Mythos has been MDASH’d.
A brand new AI-powered system from Microsoft surpassed a headline-grabbing rival from Anthropic on a number one cybersecurity benchmark, utilizing greater than 100 specialised AI brokers working collectively throughout a number of AI fashions to seek out real-world software program vulnerabilities.
Microsoft’s system, codenamed MDASH, was launched this week alongside the disclosure of 16 new vulnerabilities it discovered in numerous variations of Home windows, together with 4 “important” distant code execution flaws fastened on this month’s Patch Tuesday launch.
The corporate, which has confronted persistent criticism over safety lapses, is betting that a number of fashions can uncover vulnerabilities at a tempo that particular person fashions can’t match.
MDASH, derived from the time period “multi-model agentic scanning harness,” works by working specialised AI brokers by means of a staged pipeline. Totally different brokers scan code for potential vulnerabilities, then a separate set of brokers debate whether or not every discovering is actual and exploitable, and a ultimate stage constructs proof-of-concept assaults to substantiate the bugs exist.
By comparability, Anthropic’s Mythos, which raised considerations over its capacity to seek out and exploit software program vulnerabilities when it was previewed earlier this 12 months, is a single AI mannequin working inside an agent framework. Anthropic restricted its launch to a handful of firms by means of a consortium known as Challenge Glasswing, which incorporates Microsoft.
OpenAI’s GPT-5.5 and others on the leaderboard are additionally single-model methods.
MDASH scored 88.45% on the CyberGym benchmark, a check developed by UC Berkeley researchers that measures how nicely AI methods can reproduce real-world vulnerabilities throughout 1,507 duties drawn from 188 open-source software program initiatives.
Mythos Preview was second at 83.1%, adopted by GPT-5.5 at 81.8%.
The benchmark offers every system an outline of a recognized vulnerability and an unpatched codebase, and measures whether or not it could possibly produce a working assault that triggers the bug.
The scores on the CyberGym leaderboard are self-reported by the businesses, together with Anthropic’s Mythos consequence. The benchmark code is public, however no impartial occasion has verified any of the scores. Additionally, benchmark outcomes don’t essentially mirror real-world efficiency.

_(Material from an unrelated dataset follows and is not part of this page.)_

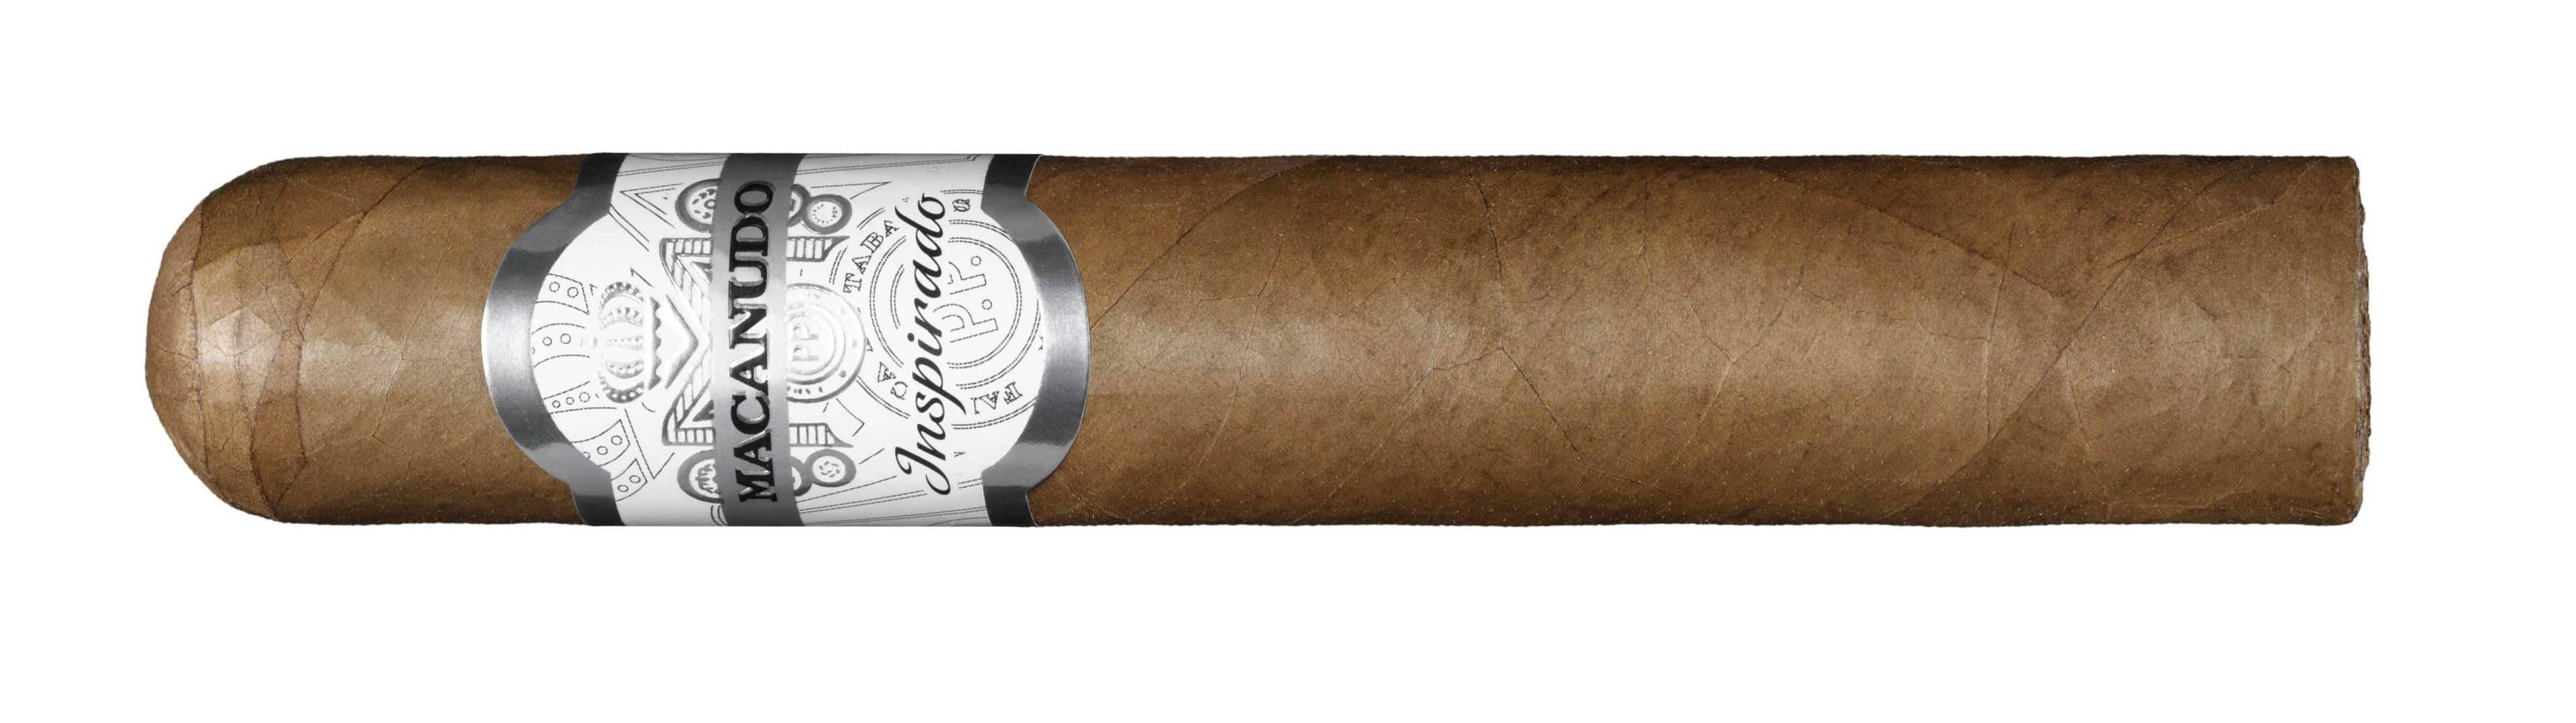 Cigar News: Madanuco Add Two New Sizes to Inspirado White
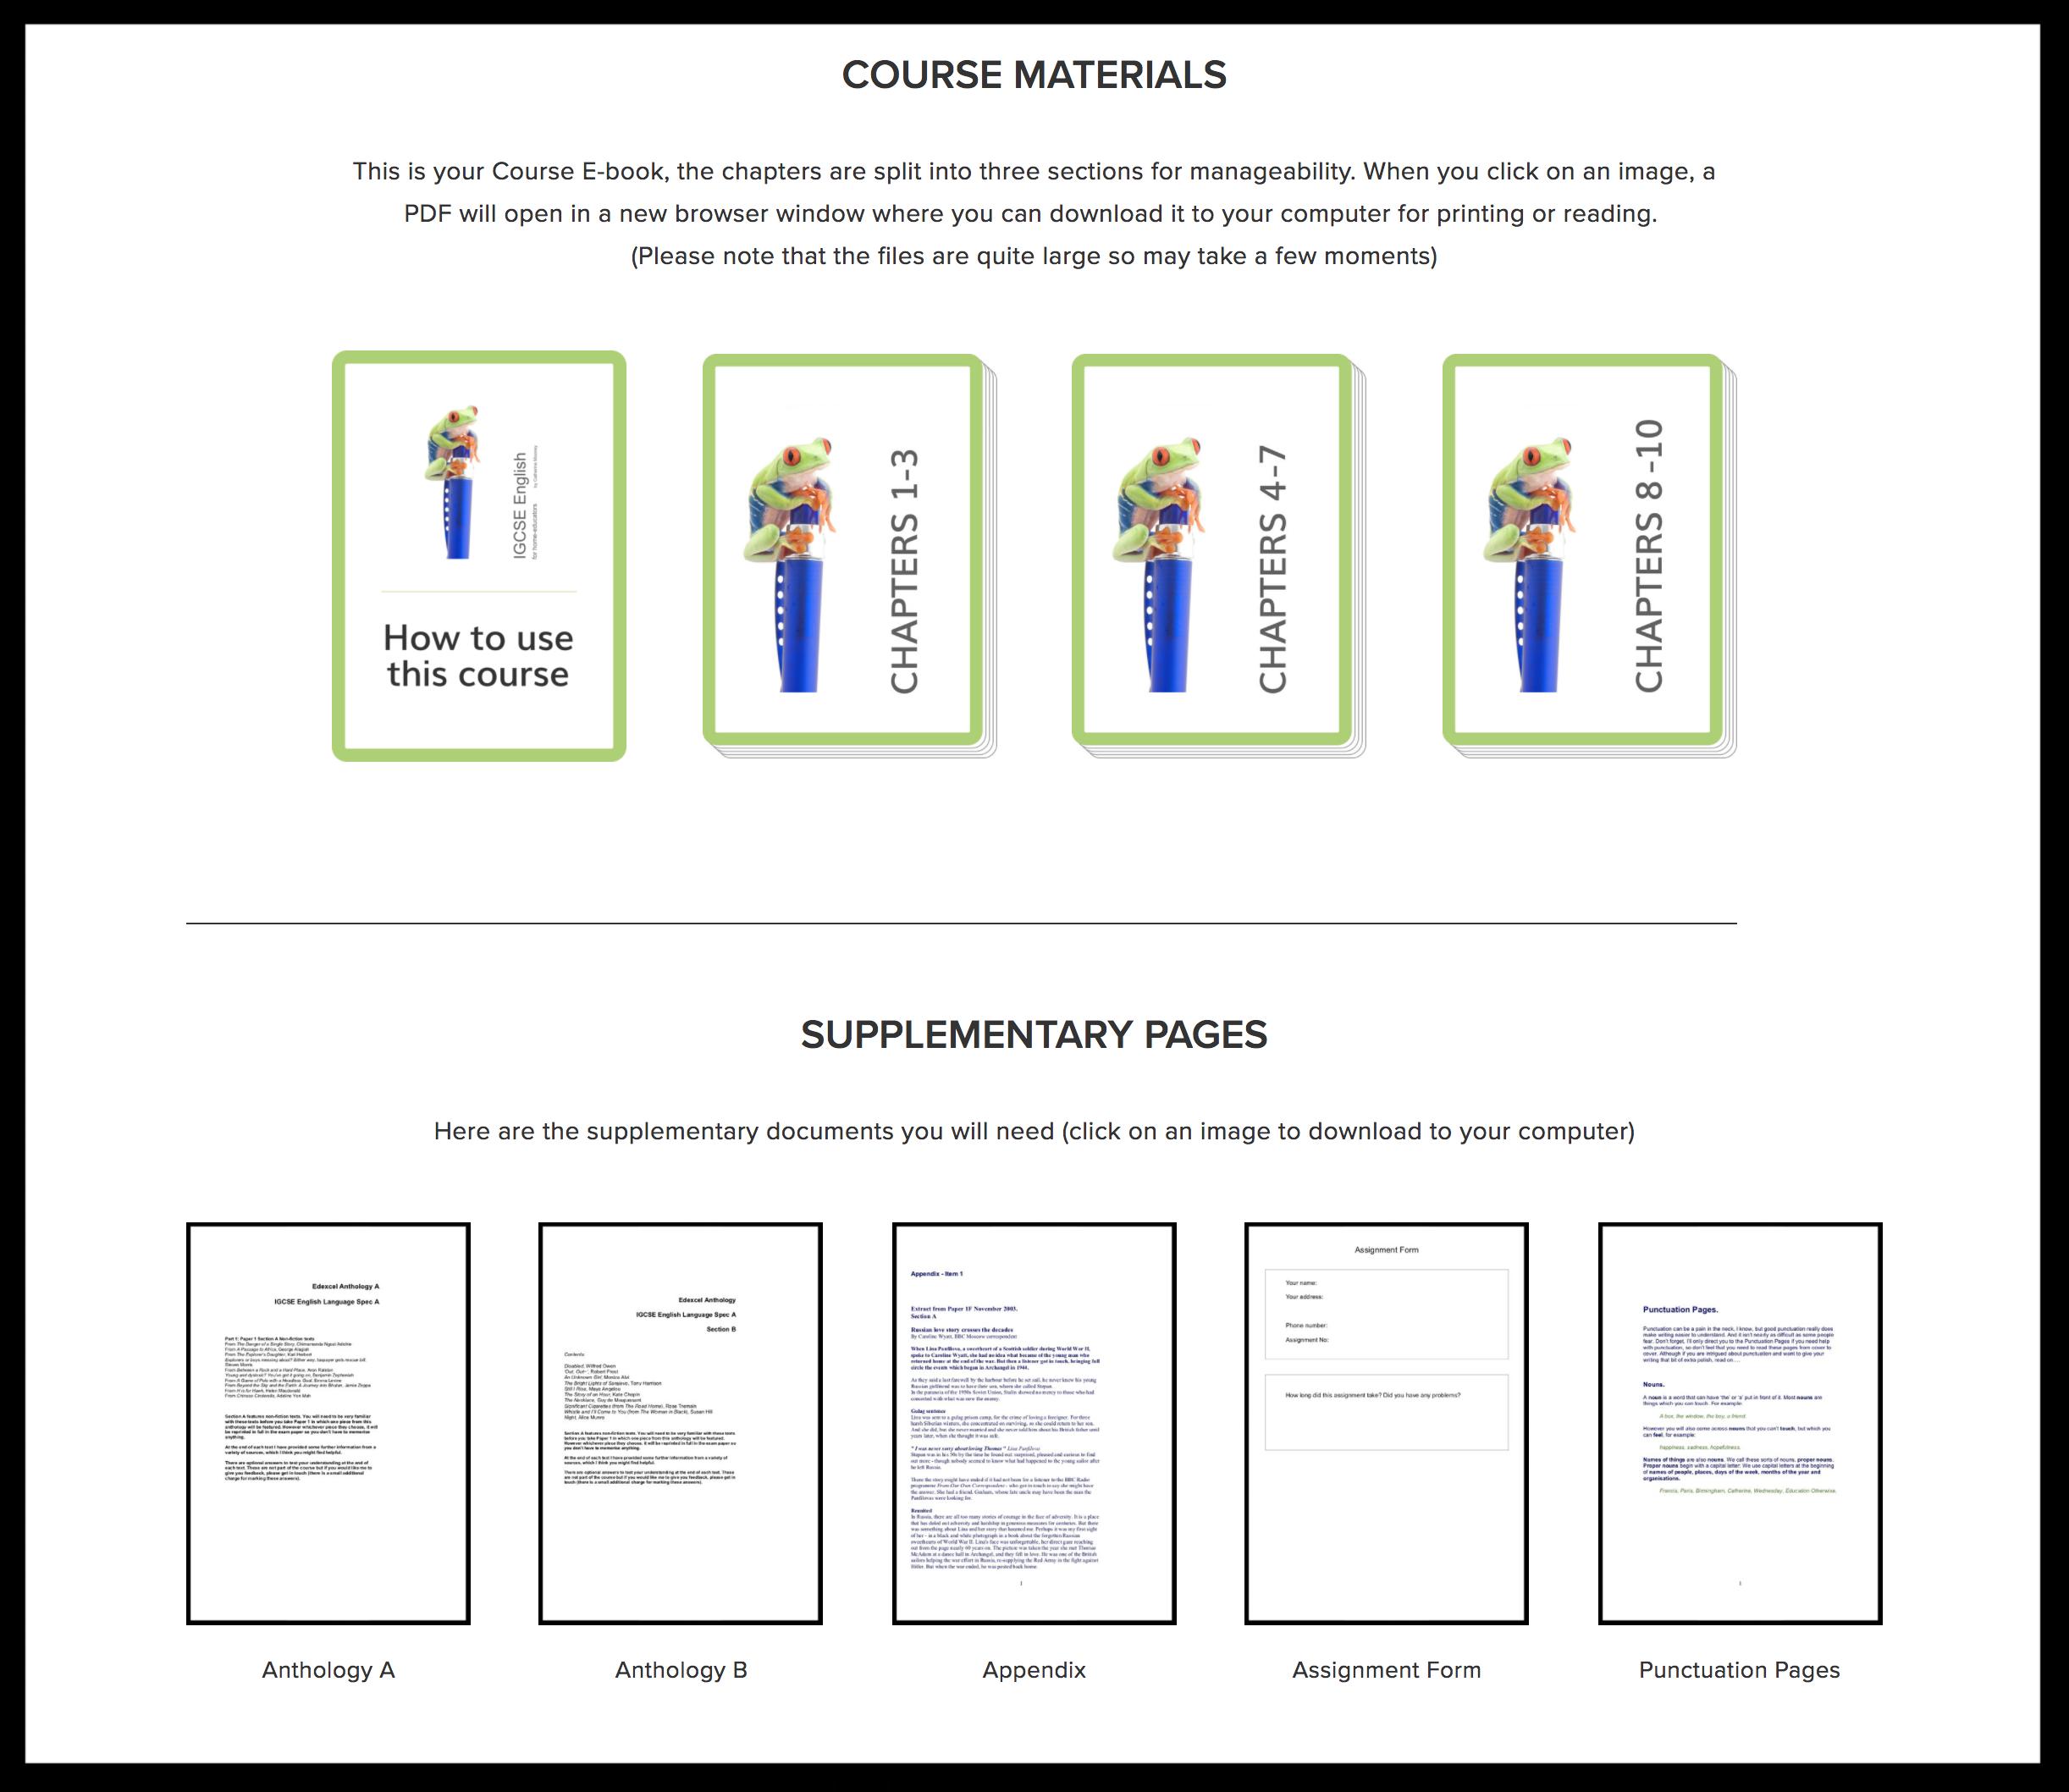 screencapture-catherinemooneytutoring-squarespace-login-igcse-english-language-spec-a-2018-03-27-09_39_01 copy 2.png

The outcomes additionally spotlight rising considerations about AI’s use as an offensive hacking software. The identical capabilities that permit AI to seek out vulnerabilities in pleasant arms can be utilized to find them for exploitation by attackers. Microsoft stated MDASH is getting used internally by its safety engineering groups and might be coming into a restricted personal preview with clients.
Microsoft is telling clients to anticipate larger Patch Tuesdays going ahead as AI accelerates the invention of vulnerabilities.